Ecco i negozi di dolciumi, pure loro hanno addobbato le vetrine anche se c’è ancora qualche San Martino ritardatario che cammina tra panettoni e croccanti con fare incerto alla ricerca di un poverello a cui cedere la metà del mantello o di un cioccolatino sfuso da sgranocchiare.

Hanno aperto un nuovo bar. È incredibile. Sembra che la gente pensi solo a mangiare e bere. È stracolmo. Fuori c’è un gran cartello: INAUGURAZIONE. Offrono da bere a tutti e a tutti regalano qualcosa. Non sono nello stato

d’animo giusto per avvicinarmi, anzi, a dirla tutta non lo sono mai. Eppure mentre sto per allontanarmi, un improbabile Babbo Natale mi si avvicina e mi offre un sacchetto. Cerco di allontanarmi facendo cenno di no ma lui insiste, ha due occhi profondi con i quali sembra volermi leggere l’animo, chiudo la zip della giacca in modo automatico mentre lui mi fa l’occhiolino e mi dice “prendilo, resterai stupita” e allora per buona educazione accetto. Lo saluto ma è già scomparso inghiottito da tutta quella gente. Non ci penso più finché non arrivo a casa e scarico dall’auto le spese e il sacchetto. È un calendario dell’avvento fatto a forma di albero di Natale. Ah ecco. Facile dare via qualcosa che è già iniziato. Oggi è il tre dicembre e dovrò aprire di corsa tre finestre. Va bene. È stato gentile e non ne ho mai avuto uno tutto per me. Lo poggio sul tavolo in cucina insieme alla spesa e vado a togliermi le

scarpe quando sento un fragoroso botto. Torno indietro di corsa e trovo a terra i formaggi e la carne:” Cosa ci fate a terra, adesso vi devo pulire prima di mettervi in frigo. Non potevate aspettare un attimo.” Mi rivolgo a loro come a tutte le cose che vivono con me. Ho trovato la maniera di giustificare il fatto che parlo da sola, perché sono da sola. Mi giro verso il tavolo e trovo il calendario tutto storto, come se avesse mal di schiena, o come se fosse un ulivo centenario. “Ah sei stato tu! Sei una fregatura quindi. Per fortuna che al 25 mancano pochi giorni. Se non ti spiace gradirei stessi fermo e dritto mentre vado a cambiarmi”. Non risponde. Lo metto al centro della tavola, ma quando torno è a terra. Uff. Ceno tenendolo d’occhio. Poi mi decido e apro i tre giorni di arretrato pregustando qualcosa di dolce. Adoro il cioccolato. Ma… Cosa… Che è? Dal giorno 1 tiro fuori un vermetto

color cioccolato che si dibatte, mi sfugge di mano striscia schifoso lasciando una scia marrone e si fionda negli avanzi del mio piatto, facendomi fare un salto indietro. Butto tutto in pattumiera di corsa. Apro con cautela il 2 e trovo un cioccolatino rosicchiato e bucato da parte a parte in tutte le direzioni. Rabbrividisco pensando al verme e butto via. A questo punto prima di aprire il tre mi metto dei guanti di gomma, e già penso che domani andrò in quel bar a reclamare. Apro, guardo, scuoto, riguardo. Nulla. Che razza di calendario mi hanno dato. È la conferma di quanto penso di queste feste. Tutto un imbroglio, come ho scoperto a otto anni quando mia madre si è presentata la notte di Natale con i regali in mano. Quanto ho pianto nel silenzio della mia stanza. Da allora ho smesso di credere, aspettare, sognare e il Natale è diventato un giorno come tanti.

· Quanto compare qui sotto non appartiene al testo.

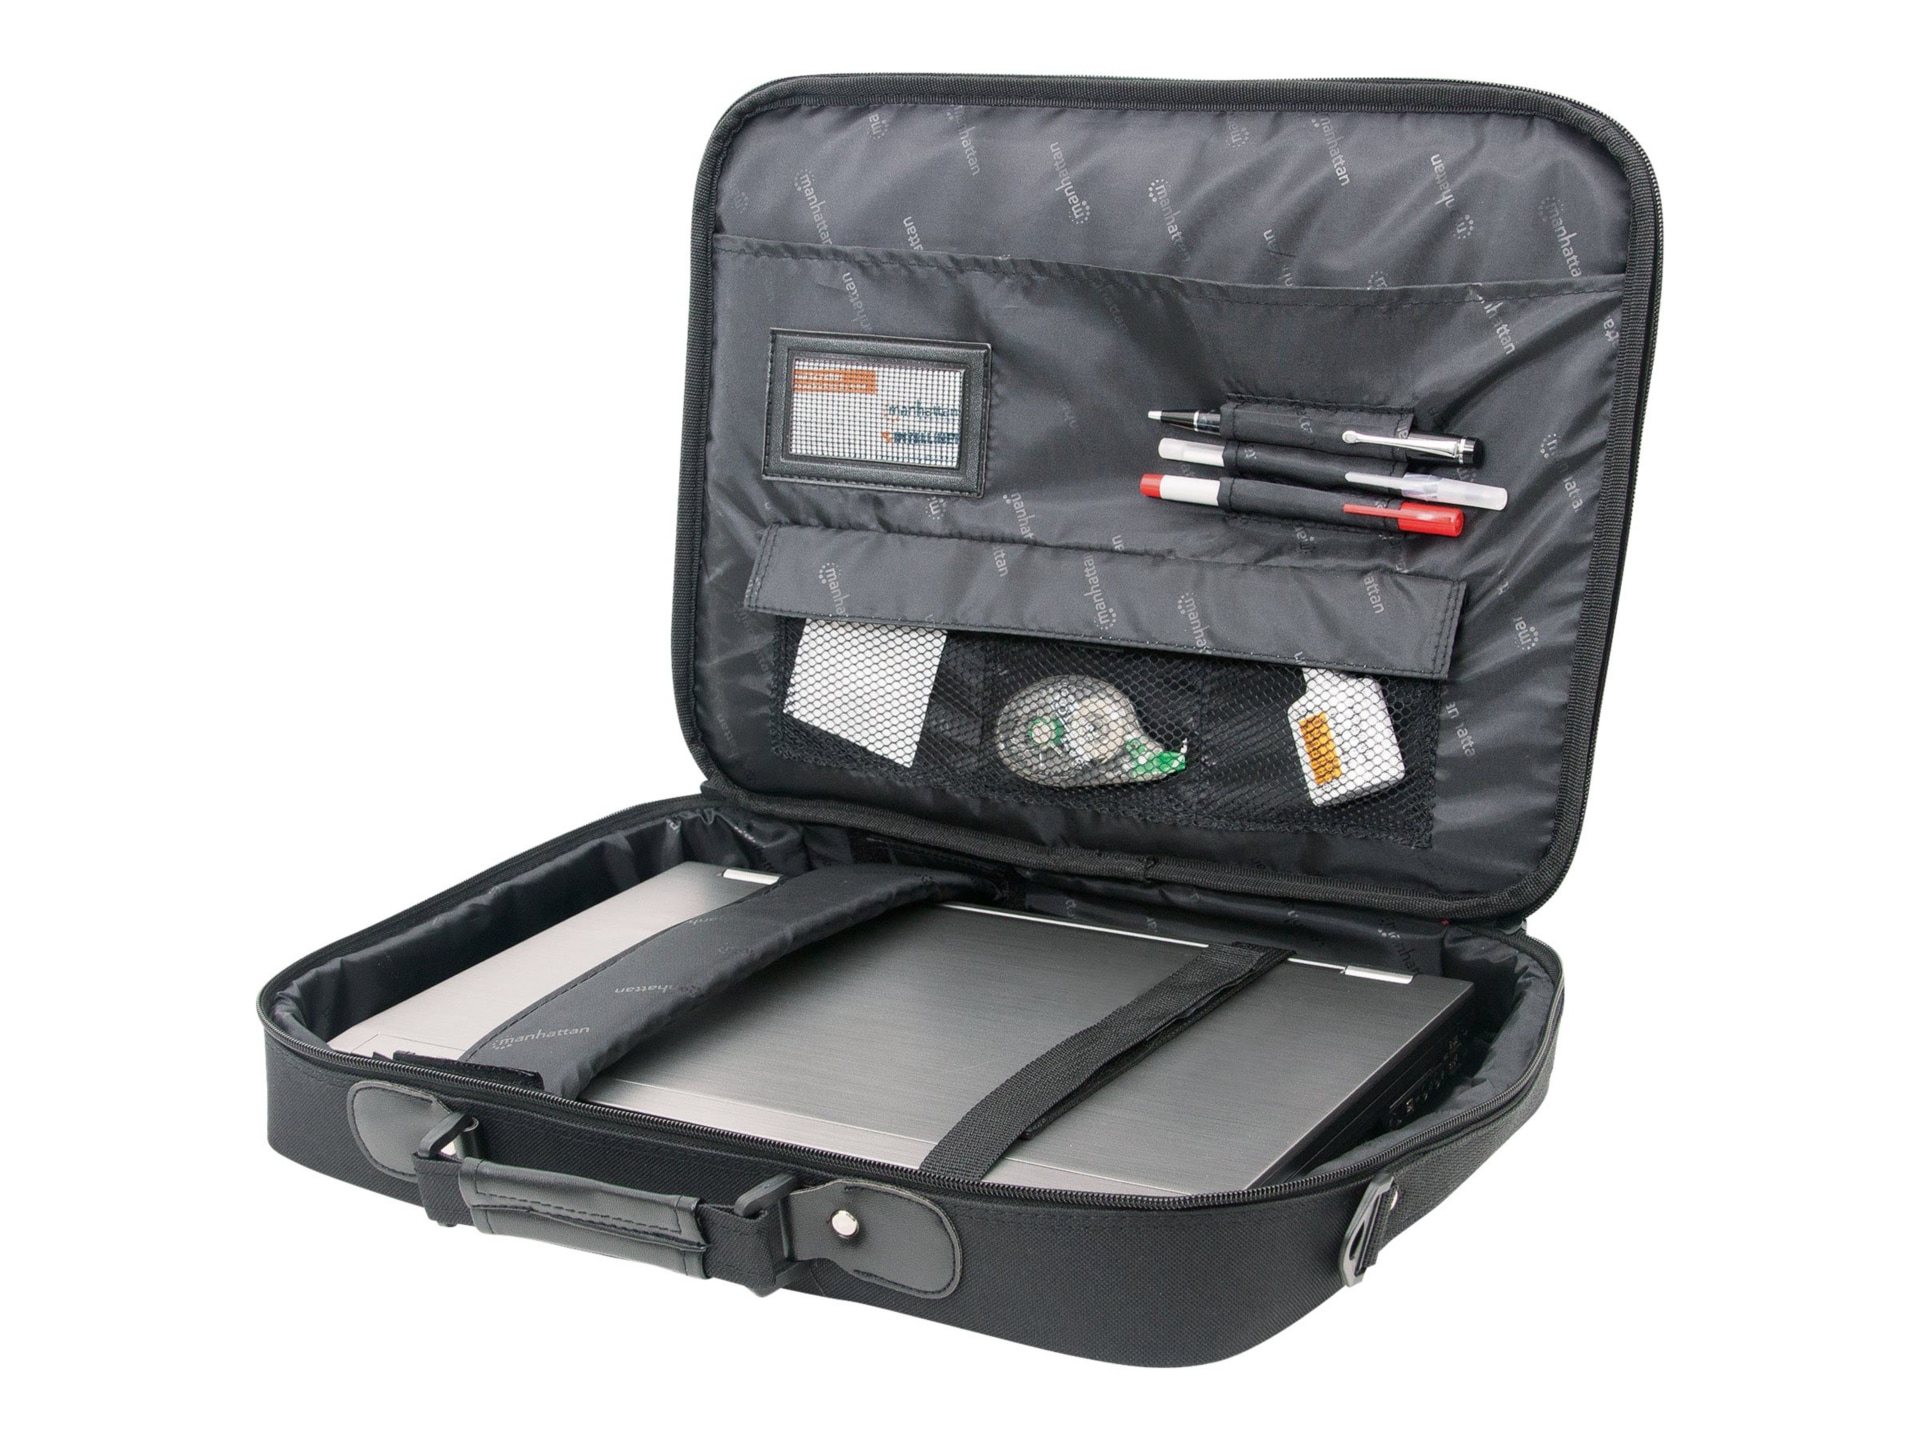 Manhattan Empire Laptop Bag 17.3", Clamshell design, Accessories Pocket, Sh

Prendo l’albero calendario per cestinarlo, nel farlo casca a terra qualcosa. La raccolgo. È un carretto senza una ruota, è di legno tutto tarlato e mangiucchiato, chissà dove si era incastrato. Appoggio nuovamente l’albero sul tavolo, domani

glielo riporto. Guardo nelle immondizie alla ricerca del verme e del cioccolatino mangiucchiato però la sola idea di questo e quello mi fa desistere. Lavo i piatti. Spengo la luce e vado in sala. A un certo punto vedo un bagliore venire dalla cucina. Mi alzo

incuriosita. Osservandolo al buio mi accorgo che il calendario è come fosforescente, accendo la luce e vedo che in cima c’è una stella, è da lei che emana la luce. Il carretto è lì inclinato, come l’albero.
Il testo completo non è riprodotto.